Nearly 60 RNC staffers will be working on data operations for Trump and other Republicans this fall. And Trump says he plans to rely on the party for a lot of that campaign infrastructure. “The RNC’s been doing it for many years,” Trump said this week, referring to putting together a broader campaign infrastructure. “Reince [Priebus] has really upped it. And all over the country, they have very good people. And part of the benefit is, we get to use those people.”
Still, outsourcing most of that work to the party, and not the campaign itself, is highly unusual.
But maybe Trump doesn’t need to use all this advanced modeling to track down voters.
After all, he hardly spent any money on television ads during the primary campaign, compared to Republican opponents.

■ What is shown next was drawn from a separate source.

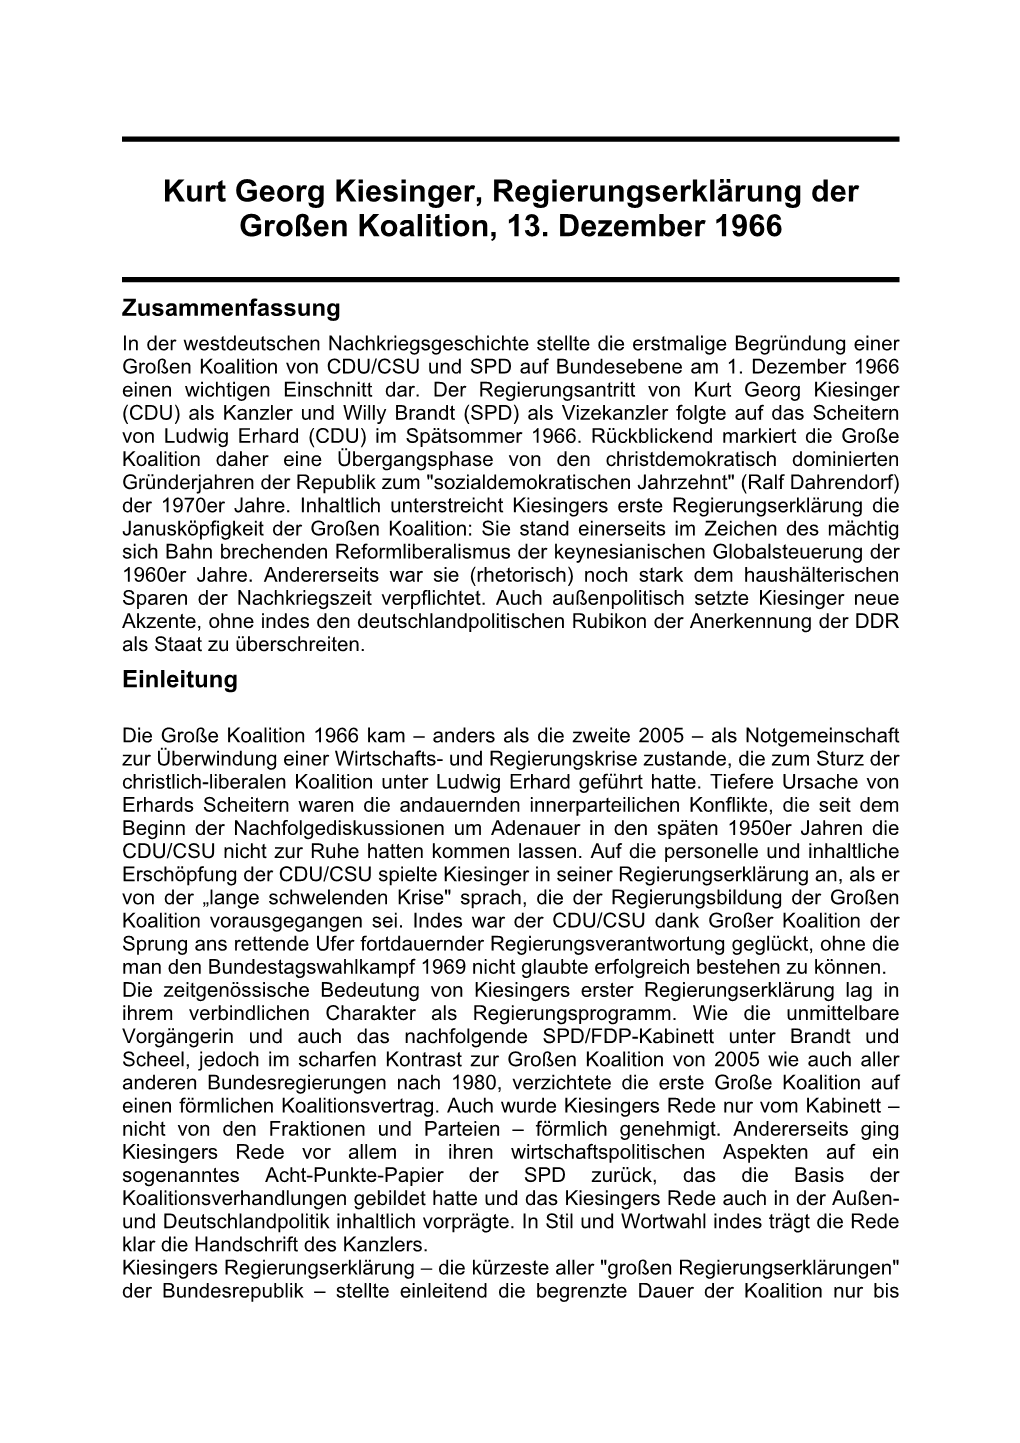 Kurt Georg Kiesinger, Regierungserklärung Der Großen Koalition, 13
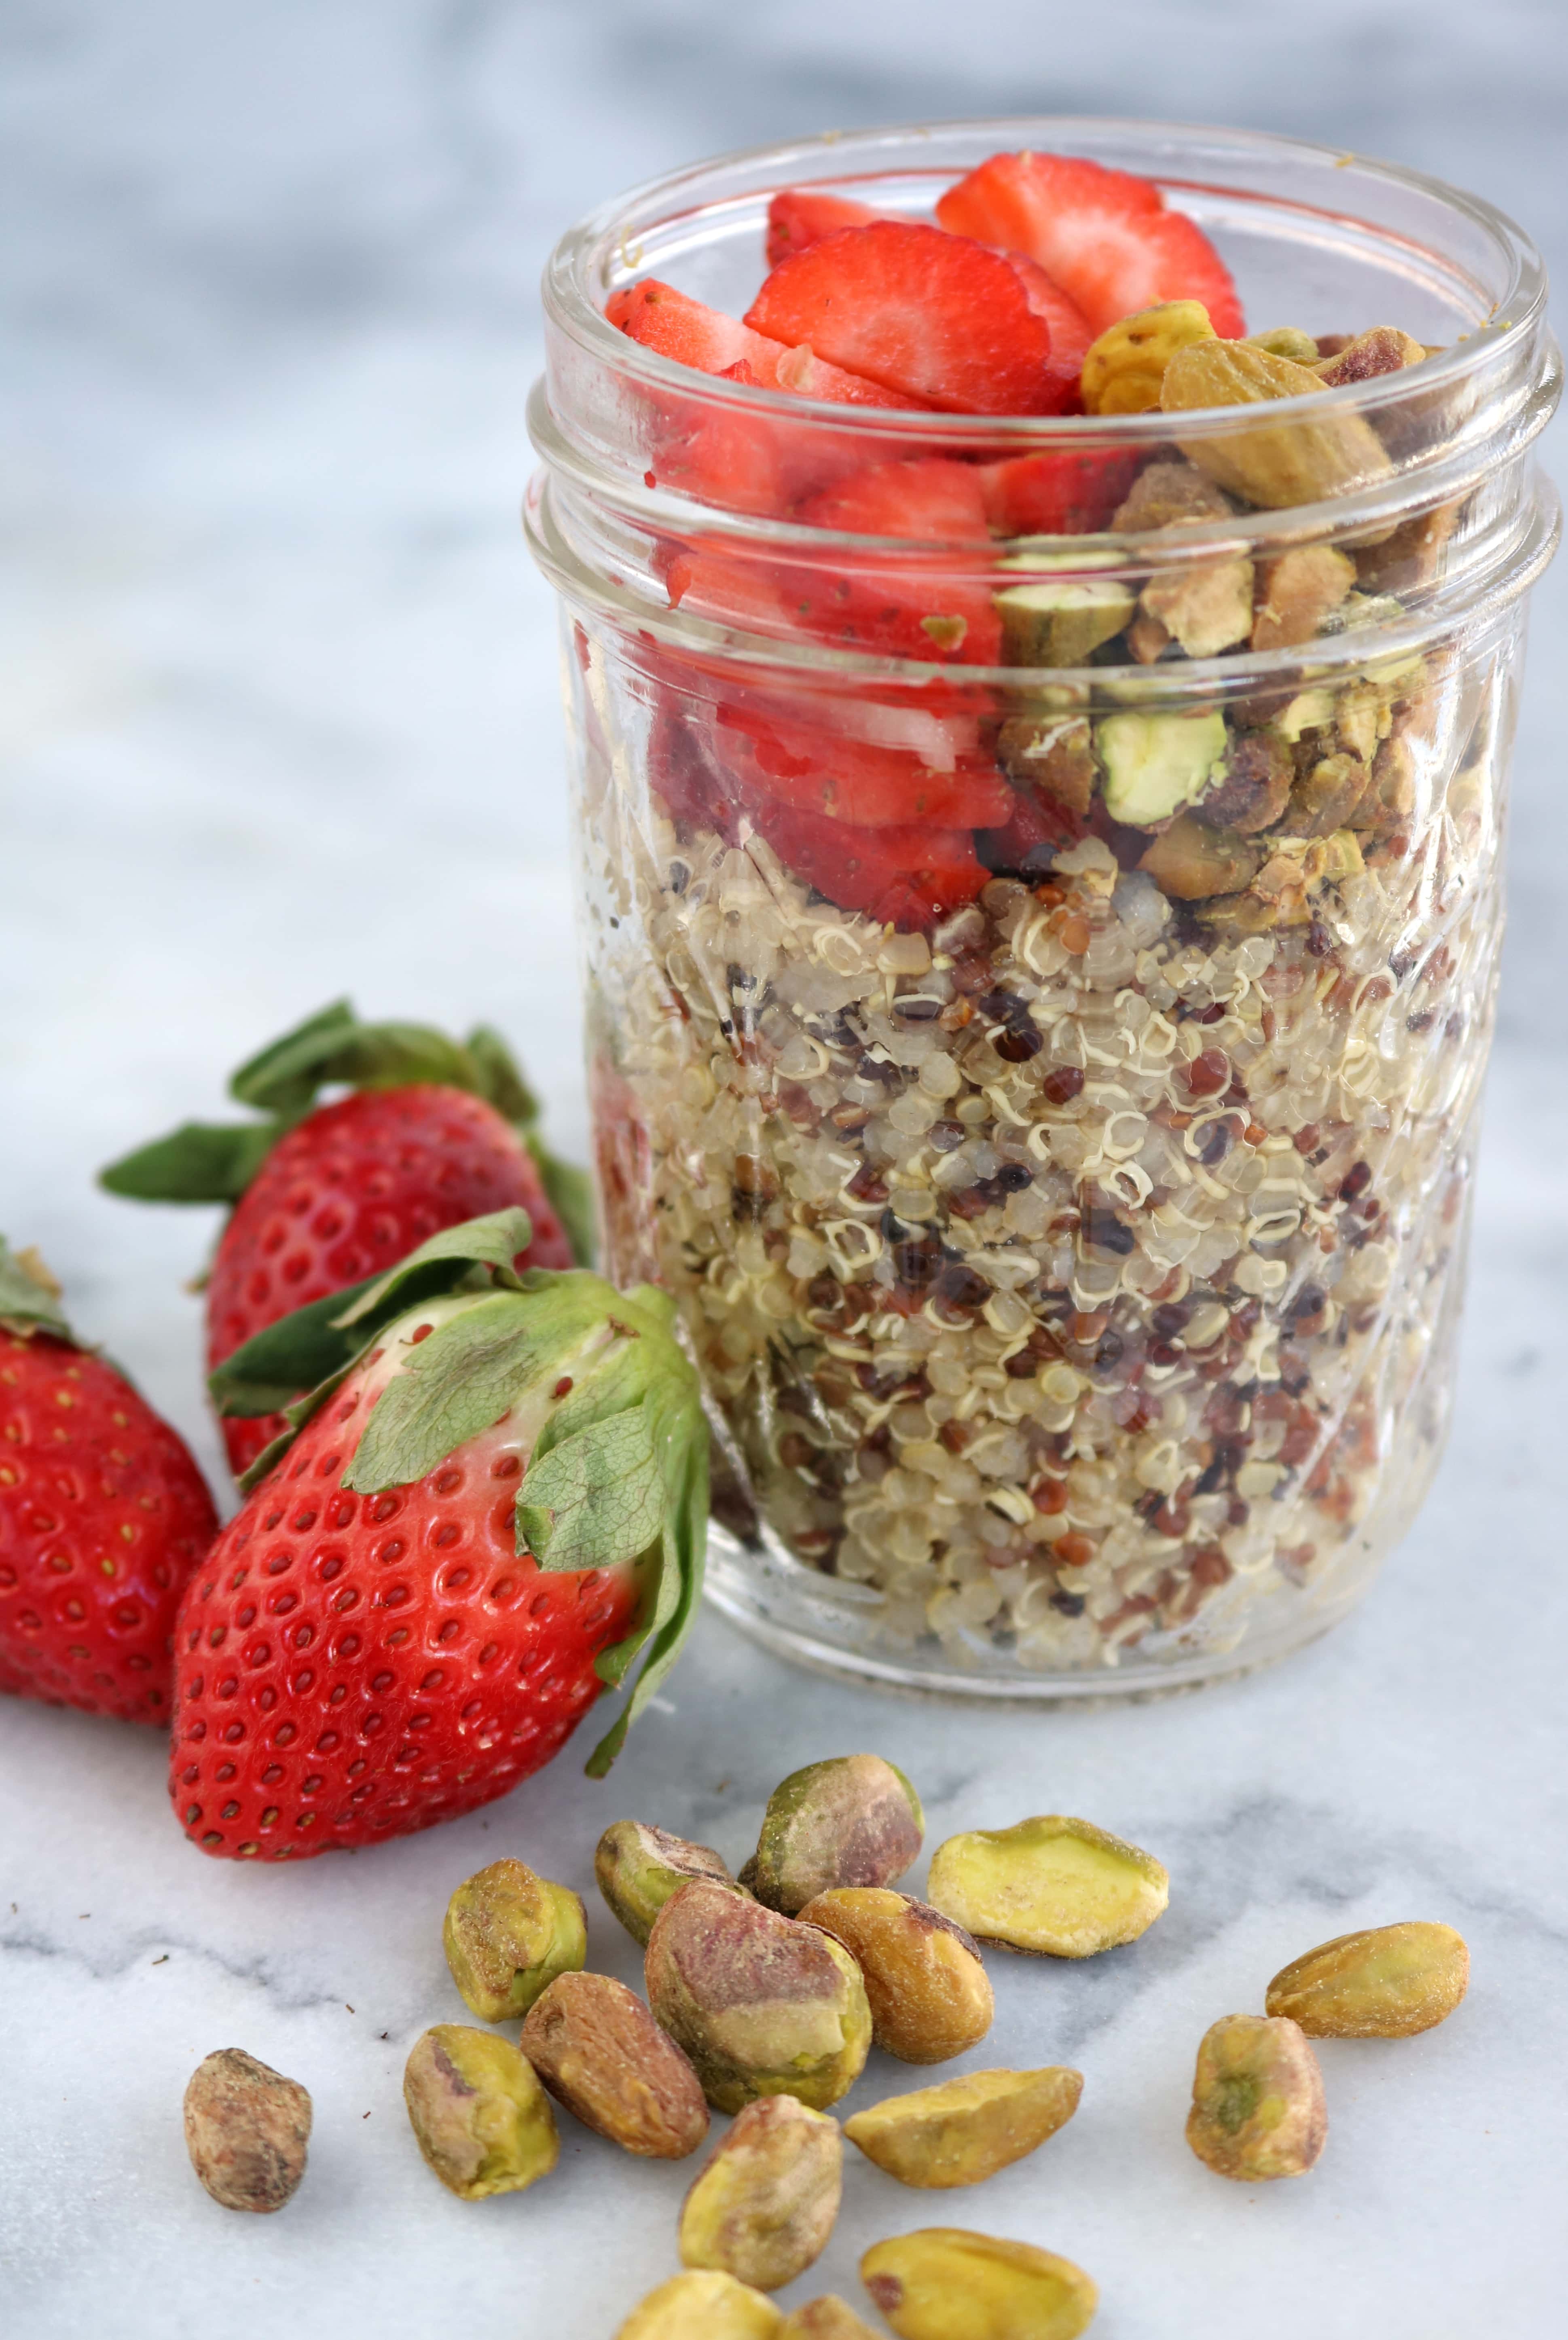 Strawberries and Pistachio Breakfast Quinoa Jars | The Nutrition Adventure

He didn’t even have a pollster until recently.
But Trump has dominated the national conversation since the day he entered the race.
“I don’t even know if dominated is the best word. It’s probably even more than that,” said Matthias Reynolds of Zignal Labs, a company that has been measuring and analyzing online conversation about the presidential race. “He’s like the NFL, and everyone else is maybe playing pee wee.”
In Zignal Labs’ D.C. offices, staffers monitor what’s happening online on four large TV monitors. The yellow line tracking conversation about Donald Trump hovers far above every other candidate.
In fact, if you add up all of Hillary Clinton and Bernie Sanders’ mentions over the past week, they still don’t add up to Trump’s. “You know, this isn’t two generic members of Congress running for the first district of Maryland, that we’ve never heard of,” said Zignal’s Pete Eskew. “This is the Secretary of State, former First Lady, presumable nominee. He has twice as much conversation as both of them.’
Over the course of the Republican primary, there were only two types of occasions where other candidates would garner as much online chatter as Trump: when they dropped out of the race, or picked a fight with Trump.
So maybe Trump doesn’t need to invest in analytics and microtargeting. After all, he’s able to get his message to voters all across the country right now at little or no cost to his campaign.
Many Republicans warn that would still hurt the party. Statewide and local candidates still need voters to turn out – and they can’t drive news cycles with their Twitter feed.
And data collection is a long-term project. If a presidential campaign isn’t collecting it, the party can’t study what worked and what didn’t, as it plots out future White House runs.
UNC’s Daniel Kreiss says a data-free Trump campaign could even put a damper on the number of new Republican political firms that pop up over the coming years. “Because one of the patterns I found in my research is that presidential campaign staffers often found their own new ventures after campaign cycles,” he said, “to transfer knowledge and technology across election cycles.”